Hypothesis-driven RNAi Screen for HSV1 Gene Expression

In addition to the primary and secondary DG screens, 207 genes (Fig. 16; Supplement Table 2) were selected that could play a potential role at different steps of HSV1 cell entry such as proteins involved in the actin-myosin cytoskeleton, endocytosis, autophagy, innate immunity, microtubule transport, or nuclear import and export.

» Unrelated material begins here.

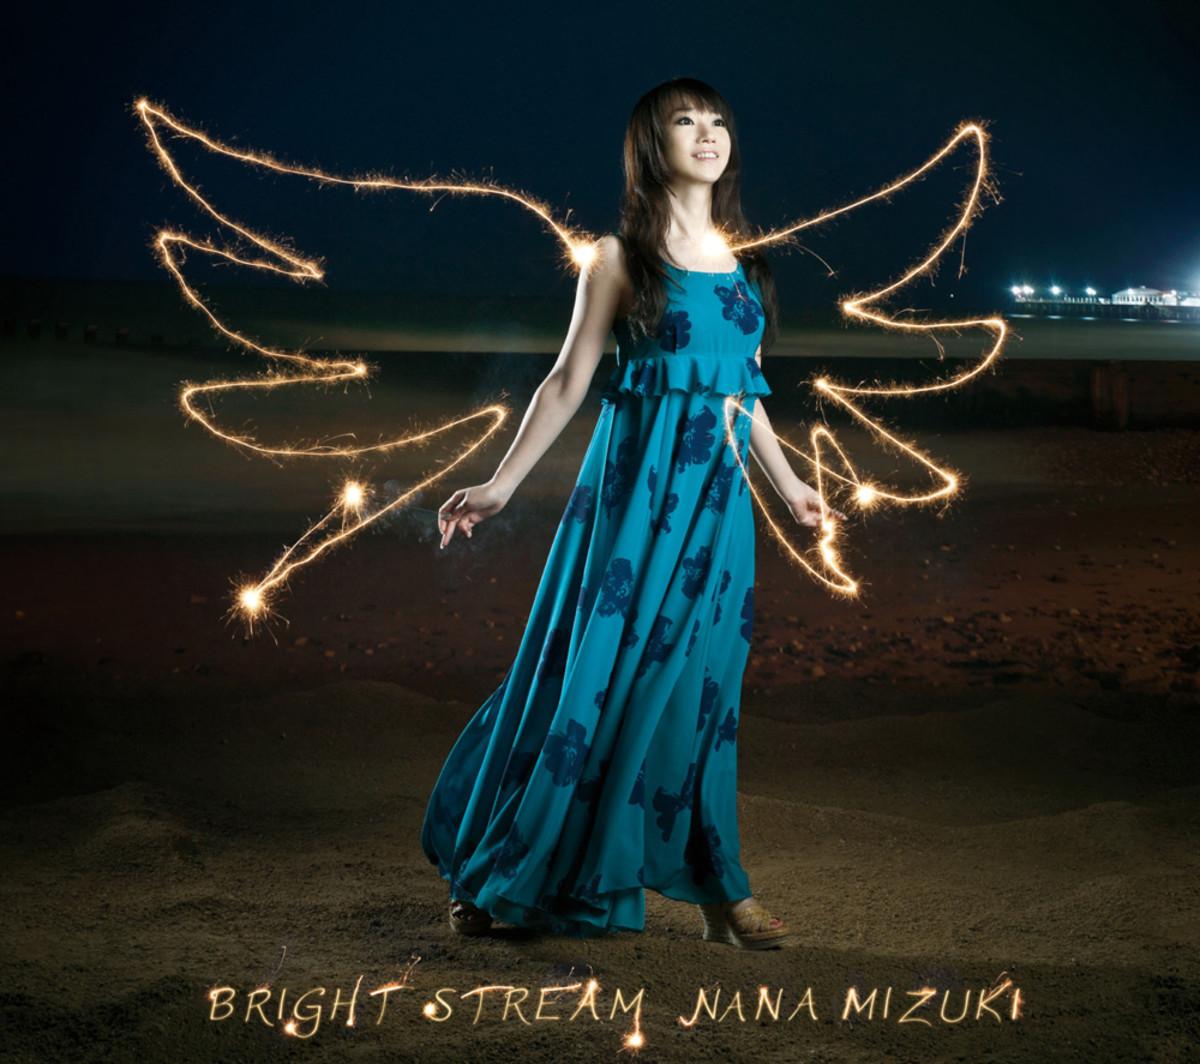 SMAP (スマップ) 28thシングル『BRIGHT STREAM (ブライト・ストリーム)』高画質ジャケット画像

Furthermore, we included genes implicated in virus susceptibility (Fumagalli et al., 2010), in cell entry of vaccinia (Moser et al., 2010), and from the 50-kinase HSV1 screen (Snijder et al., 2012).

Figure 16: 207 host genes were chosen for a hypothesis-driven RNAi screen on HSV1 gene expression.

The pie chart displays the functional groups covered by the screen and their fraction in the list of 207 genes.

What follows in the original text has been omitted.